----- TASK DATA -----
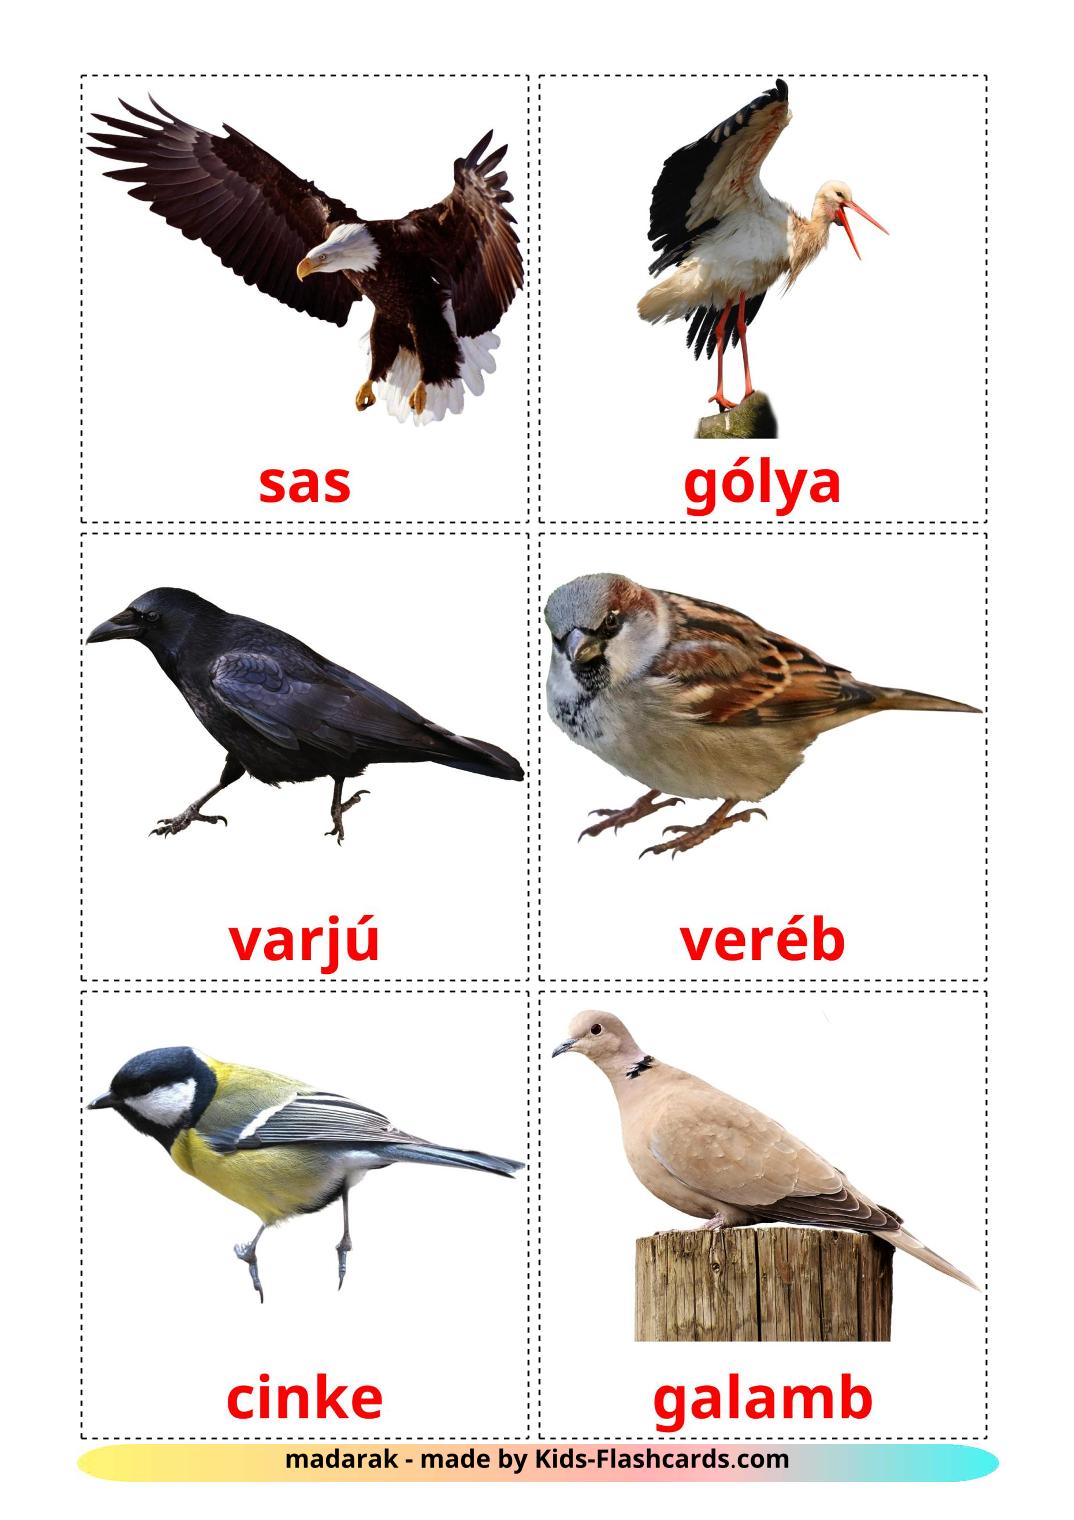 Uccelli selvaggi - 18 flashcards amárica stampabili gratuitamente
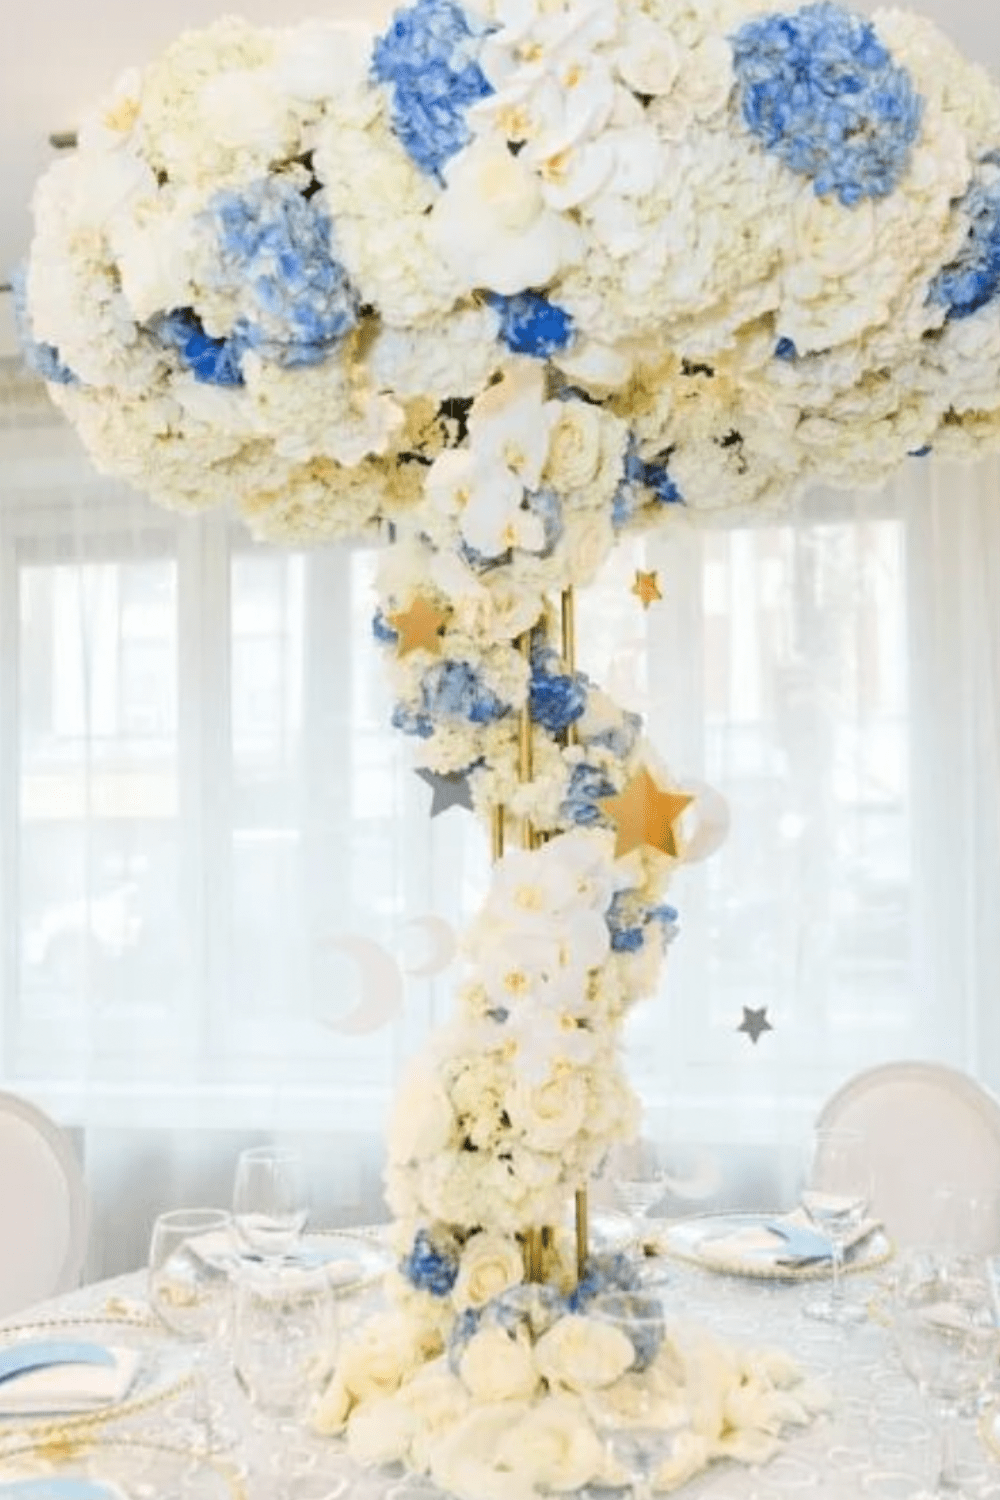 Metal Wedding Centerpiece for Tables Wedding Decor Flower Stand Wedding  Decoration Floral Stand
-----
----- TASK DATA -----
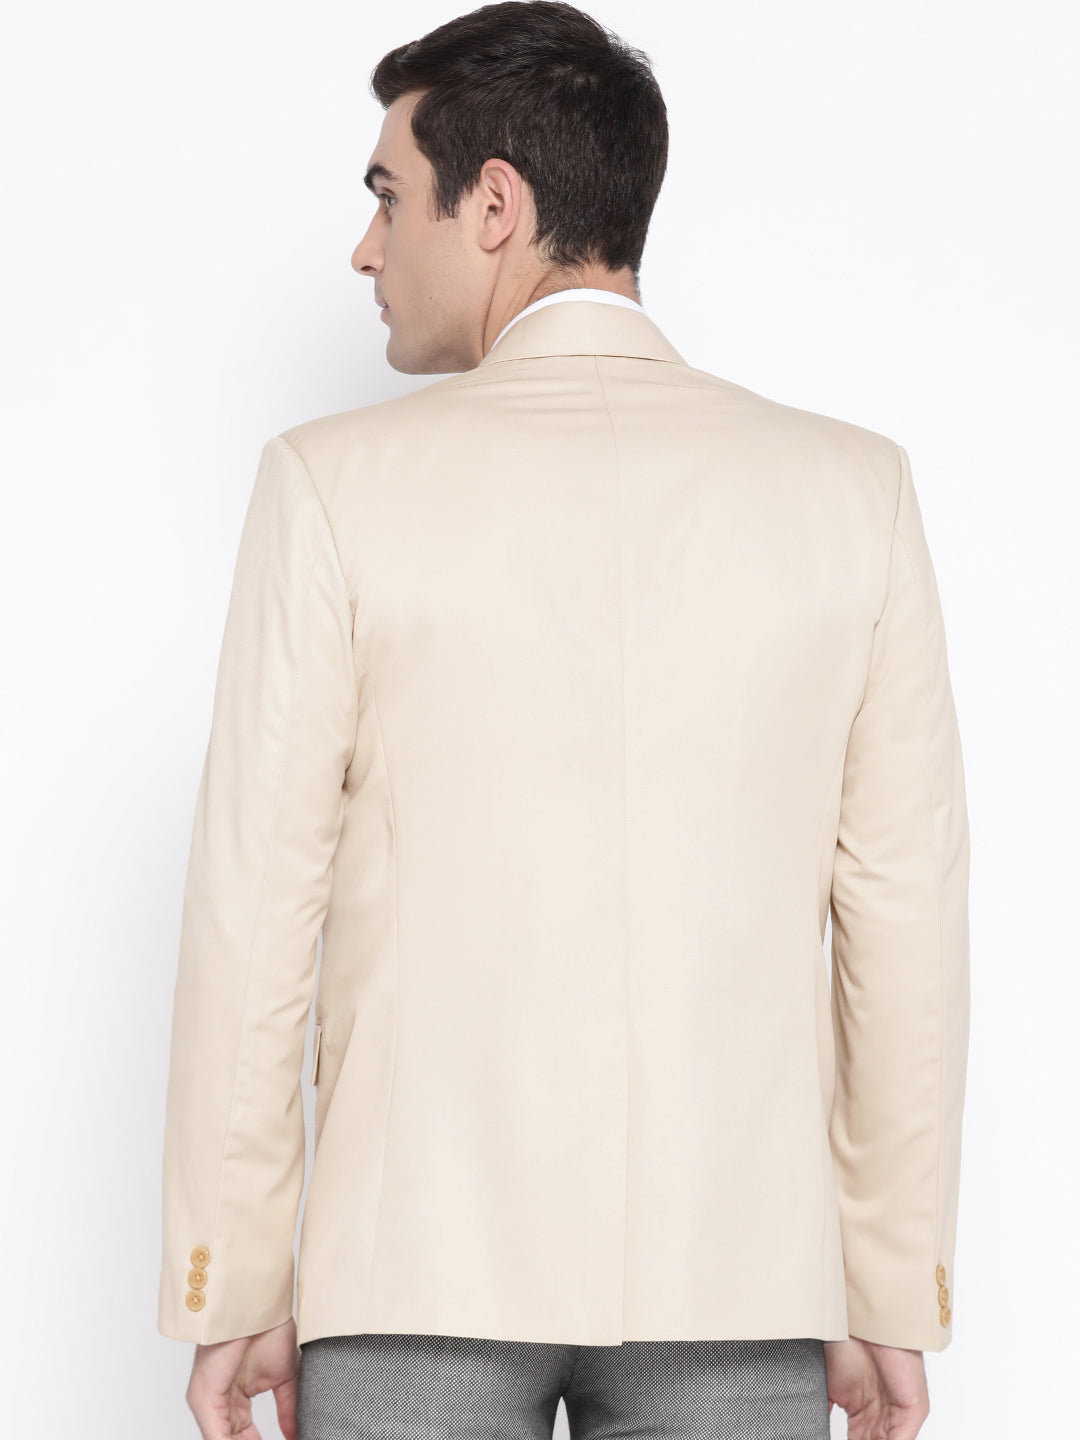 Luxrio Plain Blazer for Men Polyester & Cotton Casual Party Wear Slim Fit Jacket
-----
● AIM OF THE TASK:
Starting at the line above that contains "Uccelli selvaggi - 18", transcribe every line exactly through the line that contains "Metal Wedding Centerpiece", including that last one, and skip the pictures.

● SOLVED EXERCISE:
 Uccelli selvaggi - 18 flashcards amárica stampabili gratuitamente
 Metal Wedding Centerpiece for Tables Wedding Decor Flower Stand Wedding  Decoration Floral Stand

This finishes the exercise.